#### [Problem details]
Return all of the data verbatim, dropping any picture.

#### Data excerpt ####

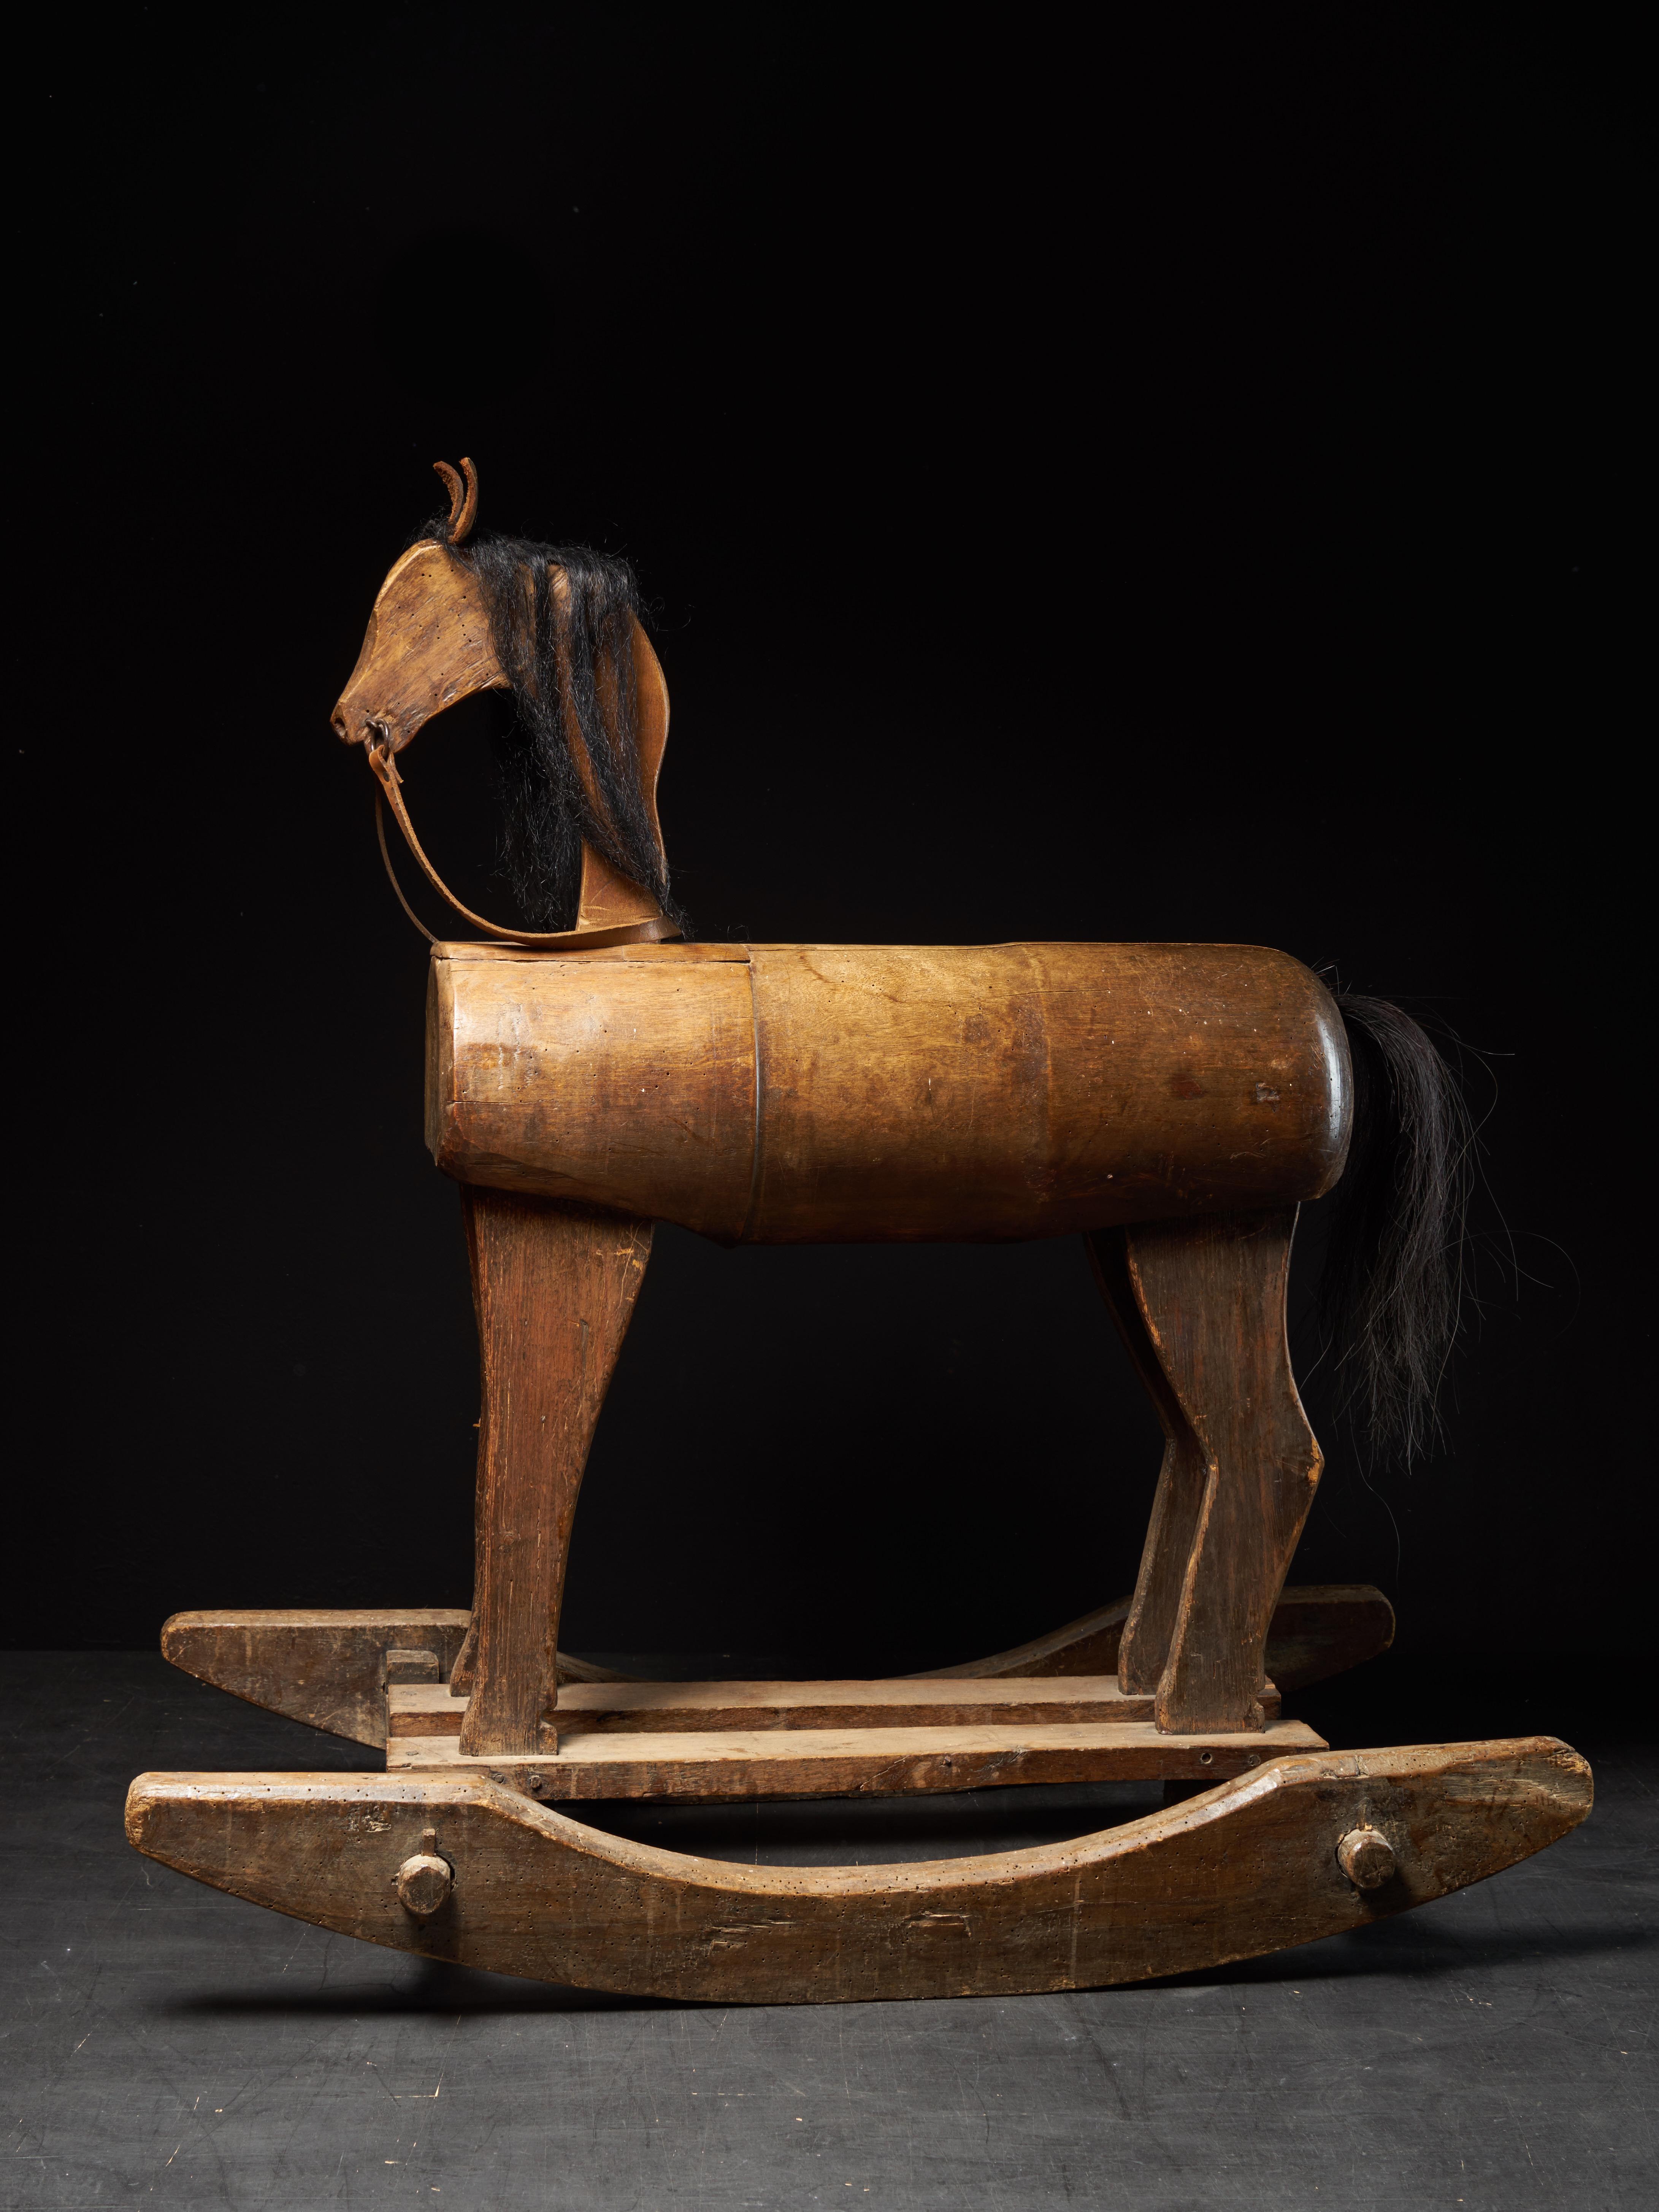 Le cheval à bascule a été fabriqué dans la première moitié du 20e siècle au Royaume-Uni. Les oreilles et les rênes sont en cuir brun clair. La tête et la queue du cheval sont faites de vrais poils et le corps, les jambes et la partie inférieure sont
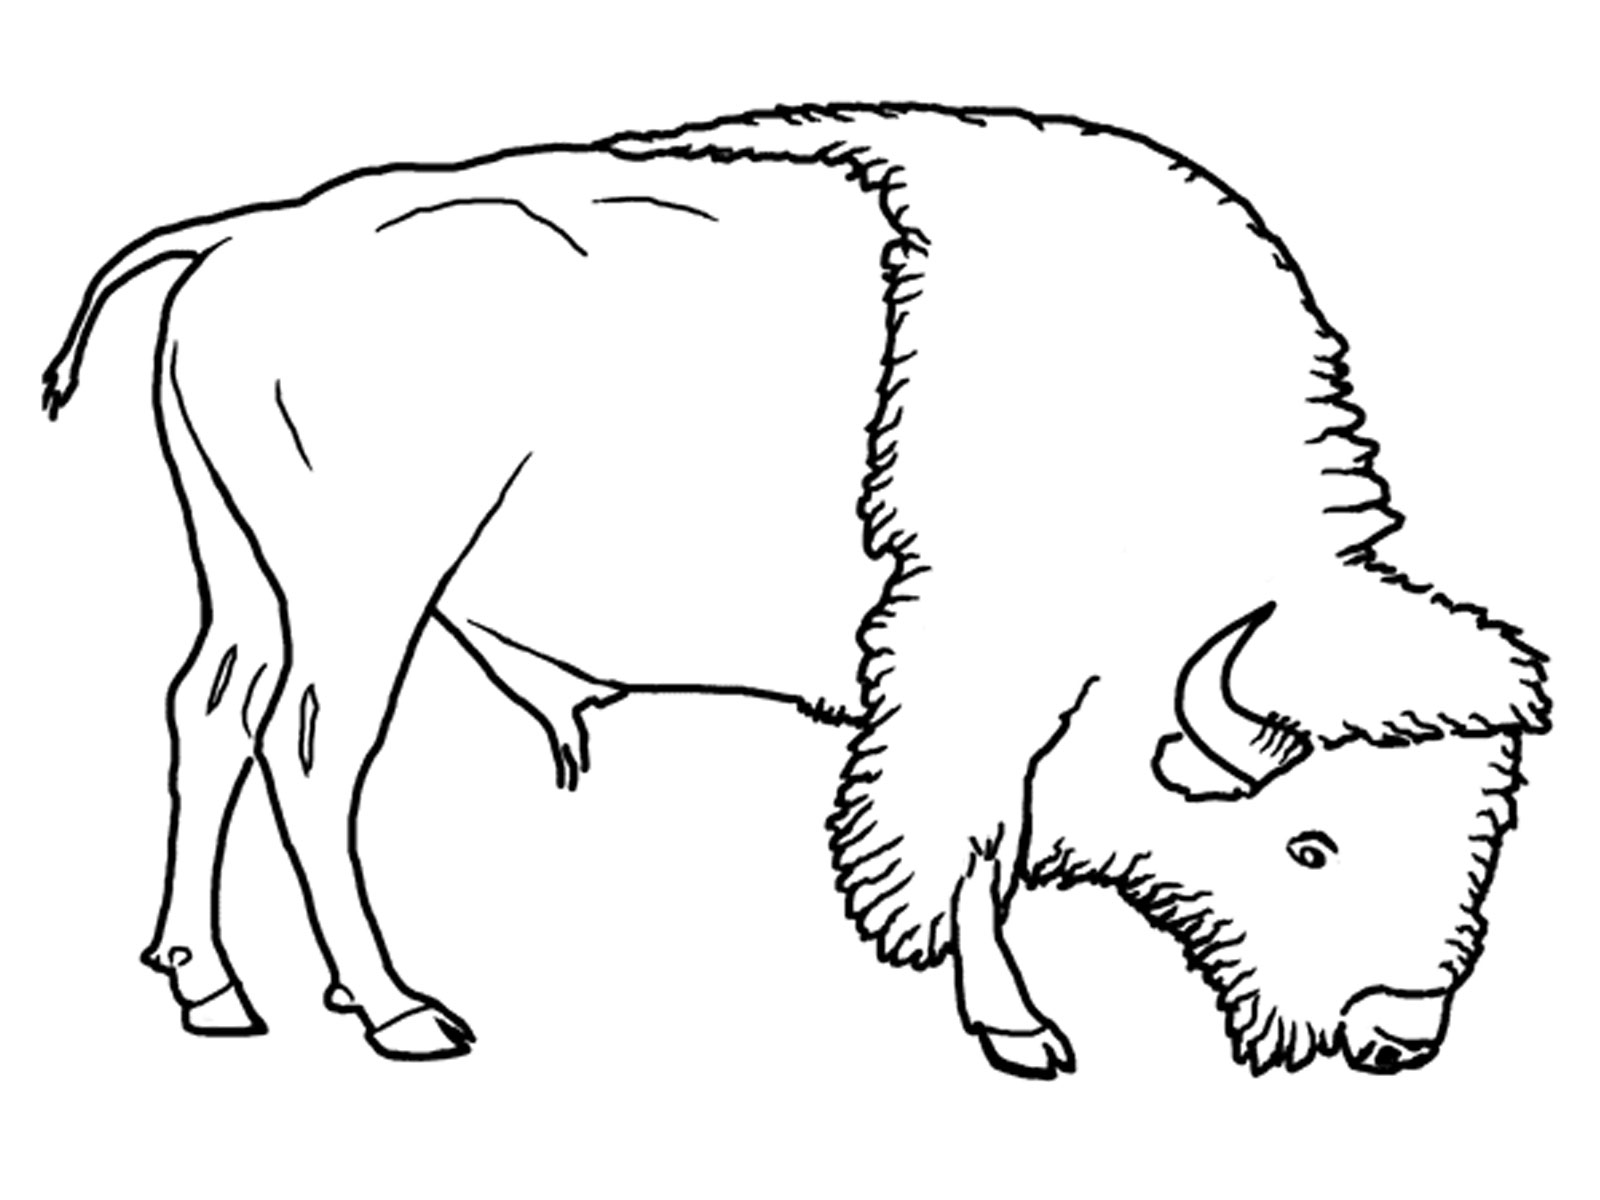 Malvorlage: Bison (Tiere) #1282 - Kostenlose Malvorlagen zum Ausdrucken
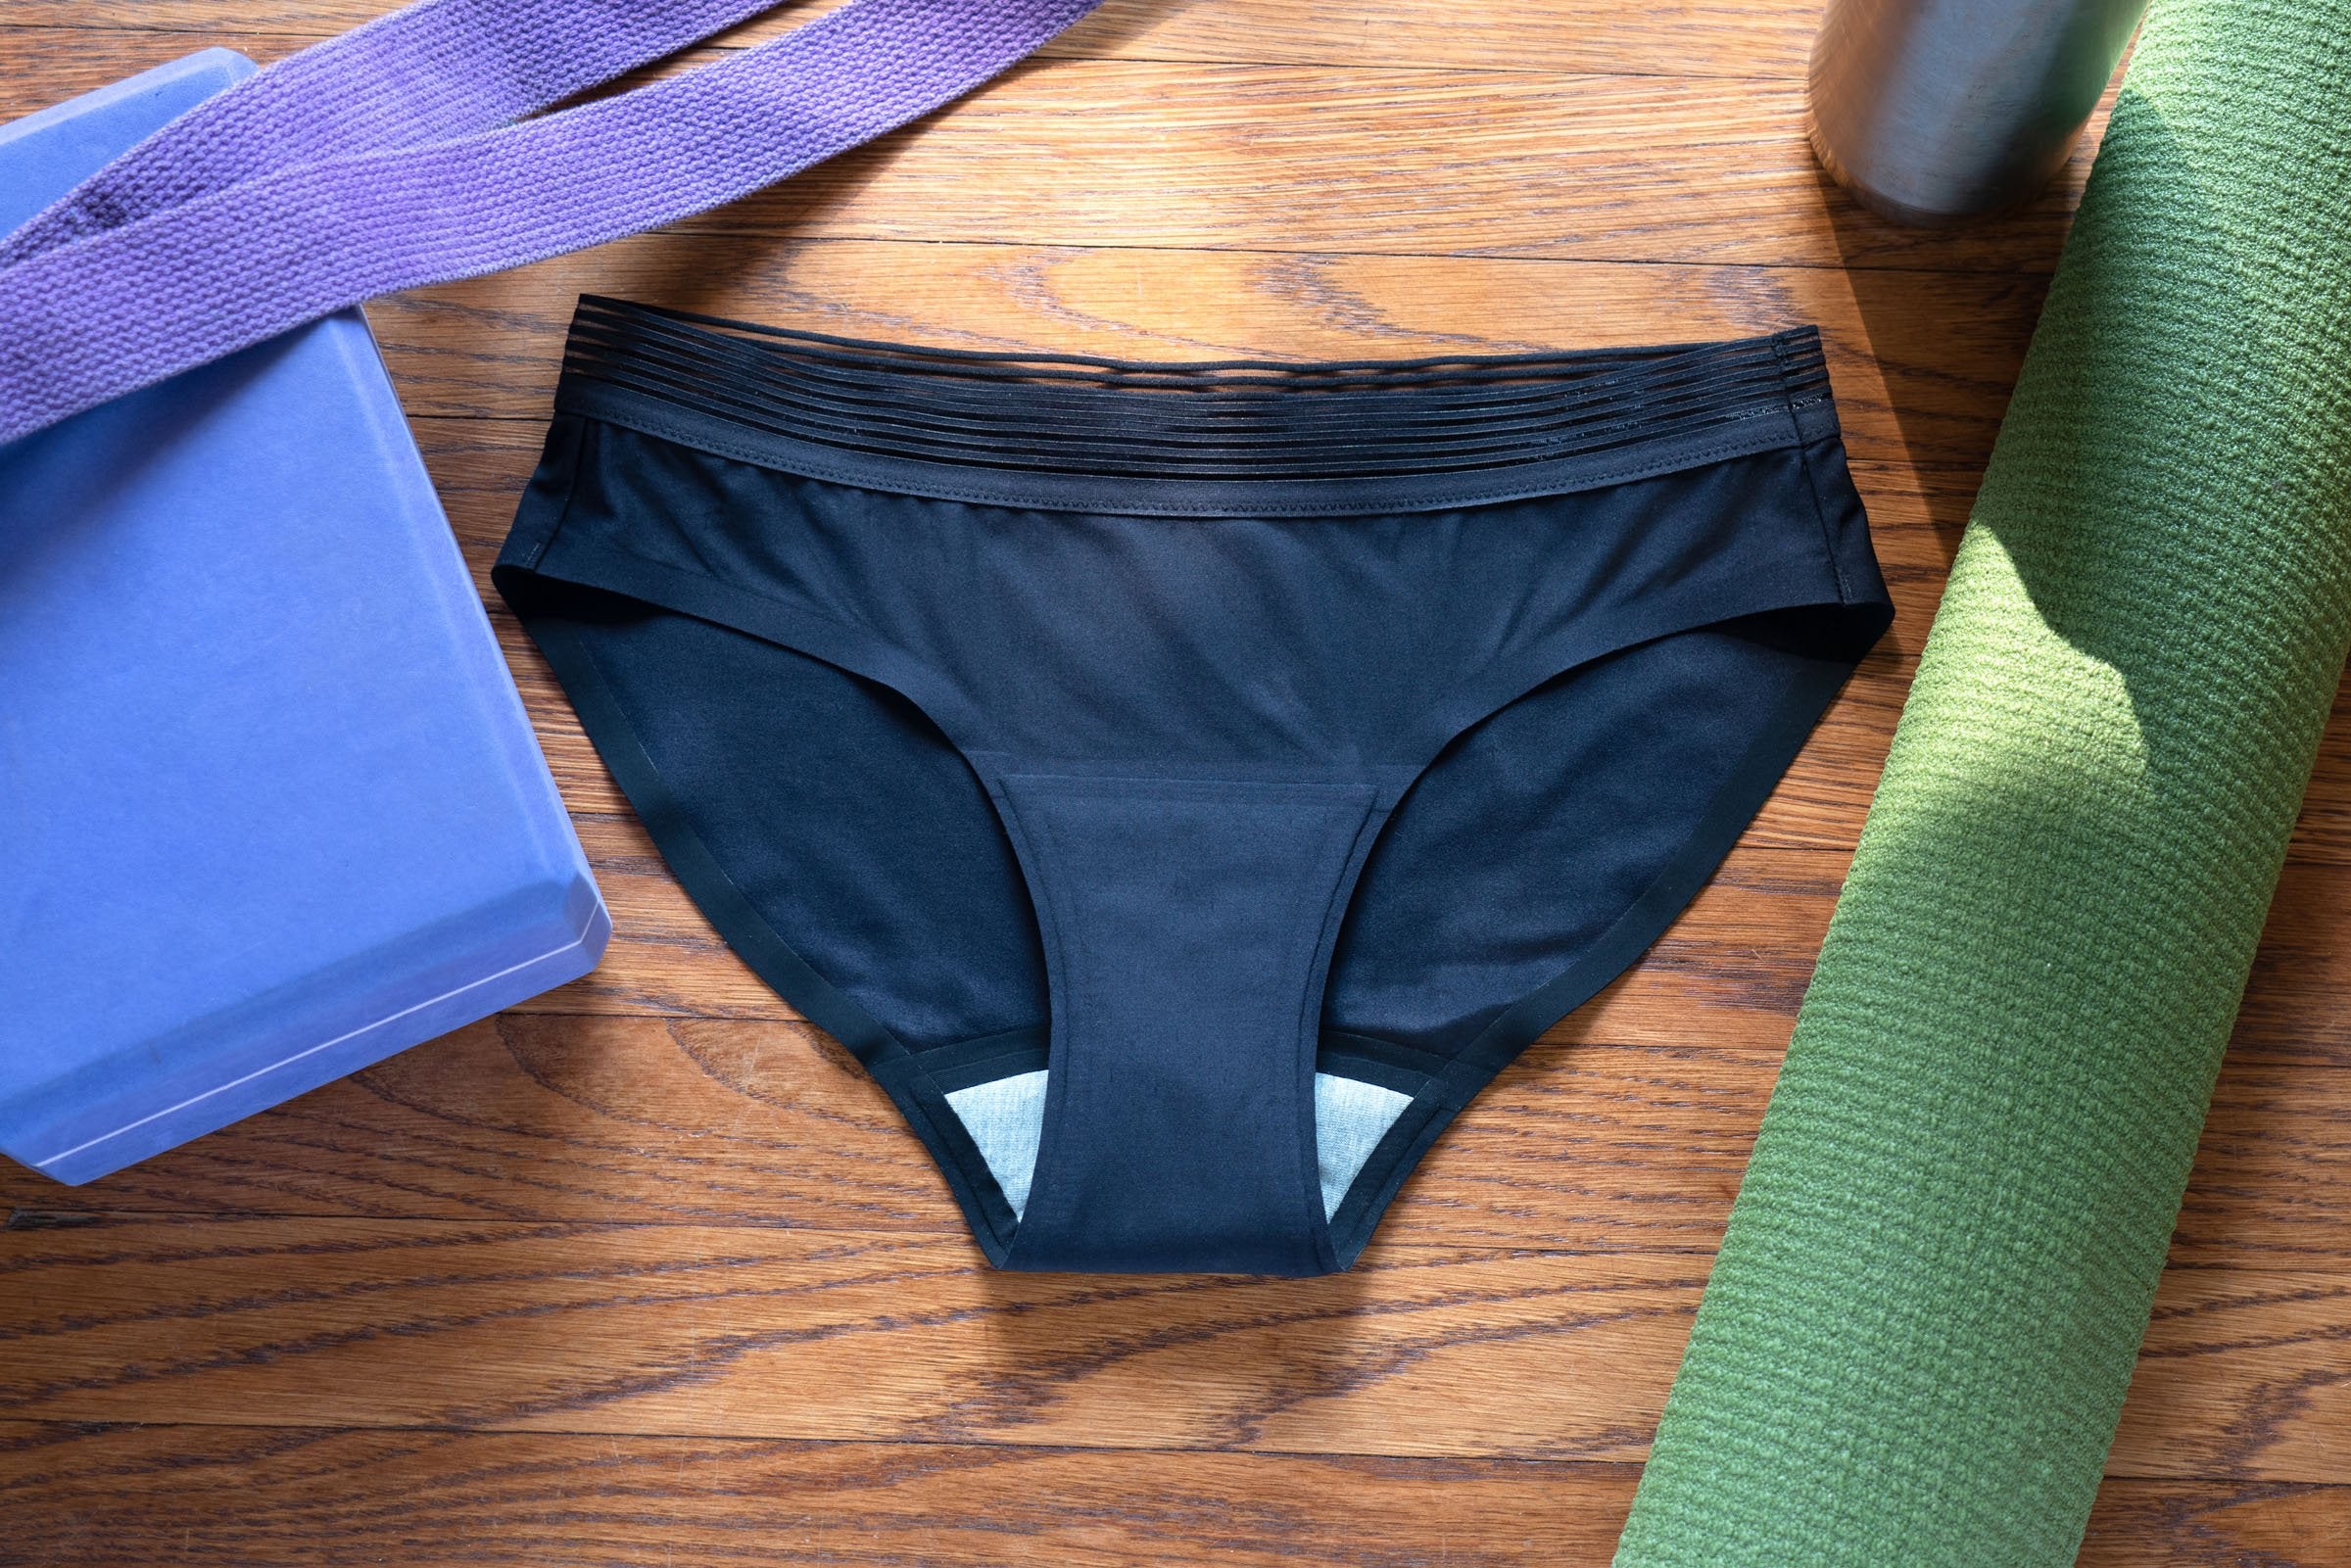  Leakproof Underwear for Women Incontinence, Leak Proof

####

#### [Answer to this exercise]
 Le cheval à bascule a été fabriqué dans la première moitié du 20e siècle au Royaume-Uni. Les oreilles et les rênes sont en cuir brun clair. La tête et la queue du cheval sont faites de vrais poils et le corps, les jambes et la partie inférieure sont
 Malvorlage: Bison (Tiere) #1282 - Kostenlose Malvorlagen zum Ausdrucken
  Leakproof Underwear for Women Incontinence, Leak Proof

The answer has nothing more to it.